Recently, researchers from the University of Colorado recruited 16 healthy men and women for a two-week experiment tracking sleep, metabolism and eating habits. The goal was to determine how inadequate sleep over just one week affects a person's weight, behavior and physiology, according to the study.
During the first week, half the people were allowed to sleep nine hours a night while the other half stayed up until about midnight and then could sleep up to five hours. Everyone was given unlimited access to food. In the second week, the nine-hour sleepers were then restricted to five hours of sleep a night, while the sleep-deprived participants were allowed an extra four hours.
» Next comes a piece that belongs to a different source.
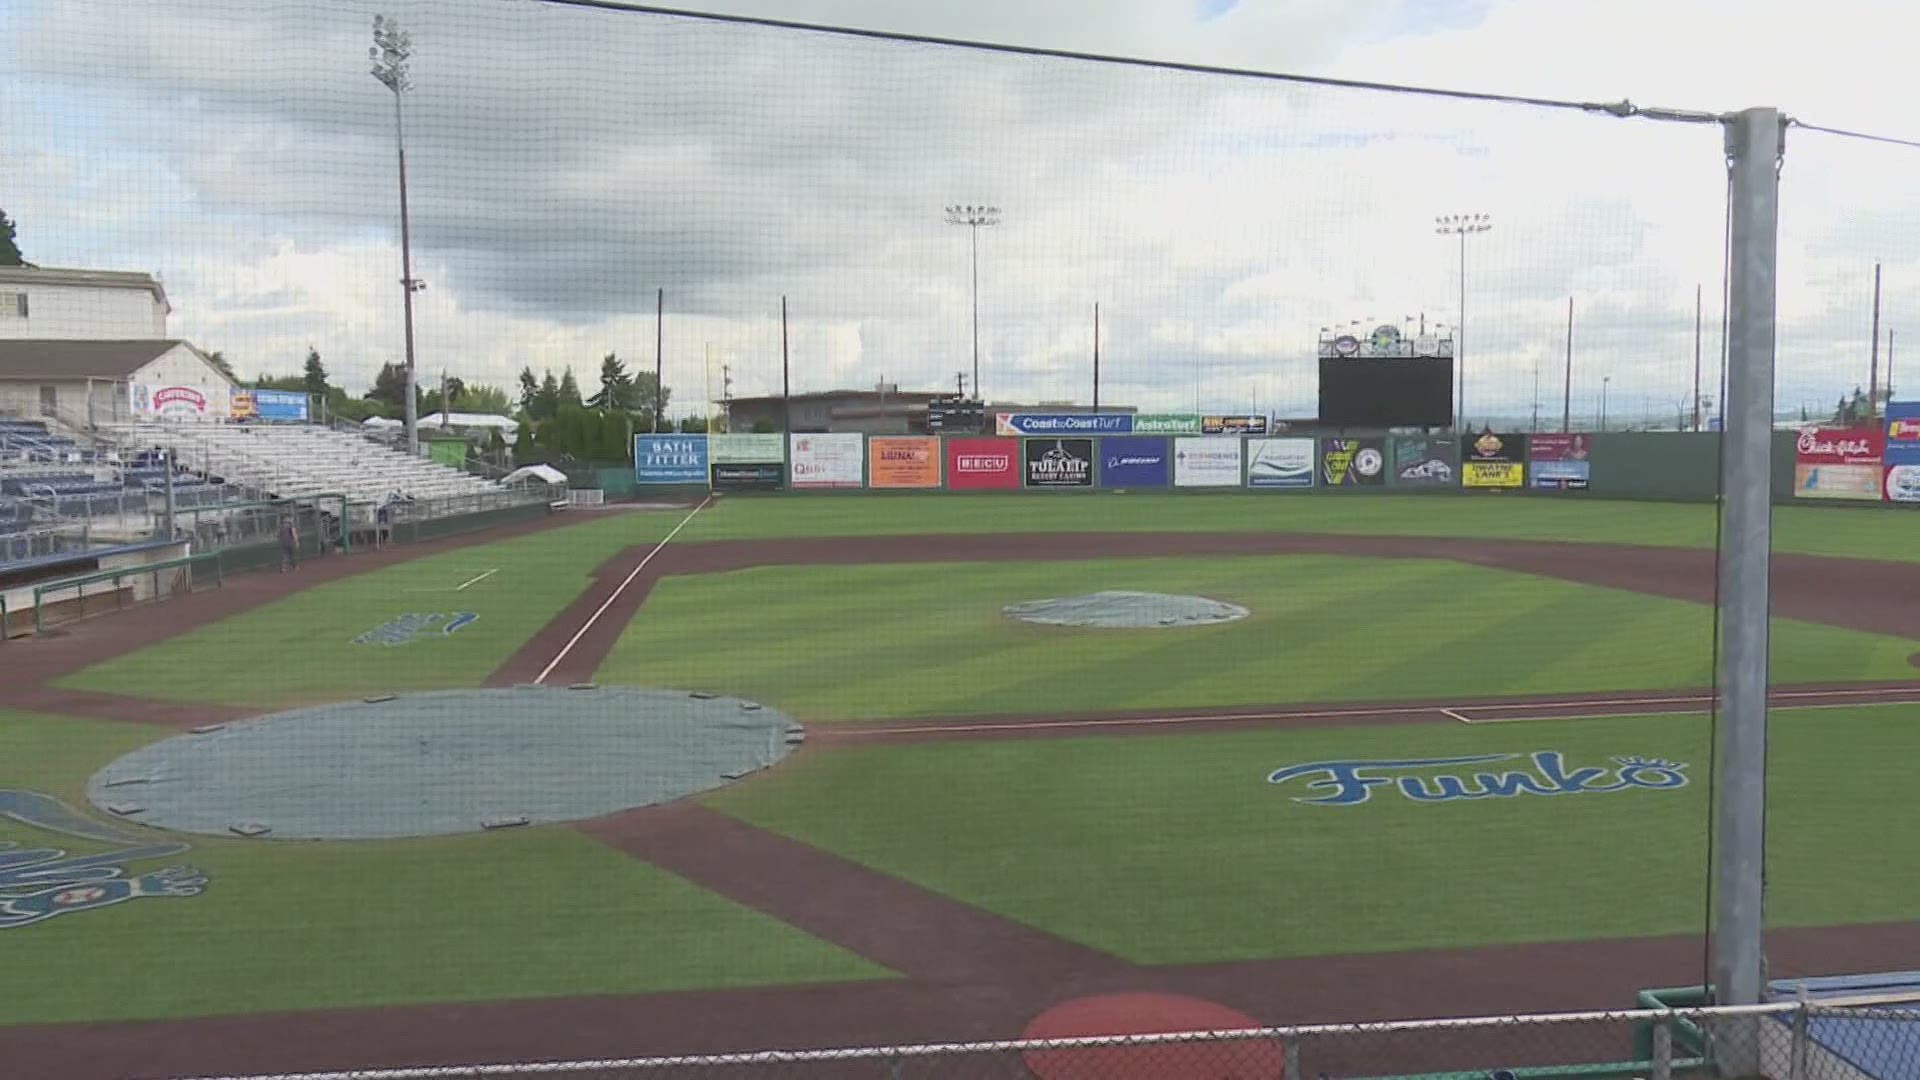 The seats sat empty all of 2020 for the Tacoma Rainiers and the Everett AquaSox after the season was canceled due to COVID-19 restrictions, but fans are back.

According to the study, researchers found that staying up late and getting just five hours of sleep increased a person's metabolism. Sleep-deprived participants actually burned an extra 111 calories a day, according to the findings published last week in The Proceedings of the National Academy of Sciences.
However, the light sleepers ended up eating far more than those who got nine hours of sleep, and by the end of the first week the sleep-deprived subjects had gained an average of about two pounds. During the second week, members of the group that had originally slept nine hours also gained weight when they were restricted to just five hours. And the other group began to lose some (but not all) of the weight gained in that first sleep-deprived week, according to the study.
It is always recommended to get at least eight hours of sleep every night, if you are looking to lose some pounds, make sure to get your sleep. It might help you get rid of those extra pounds.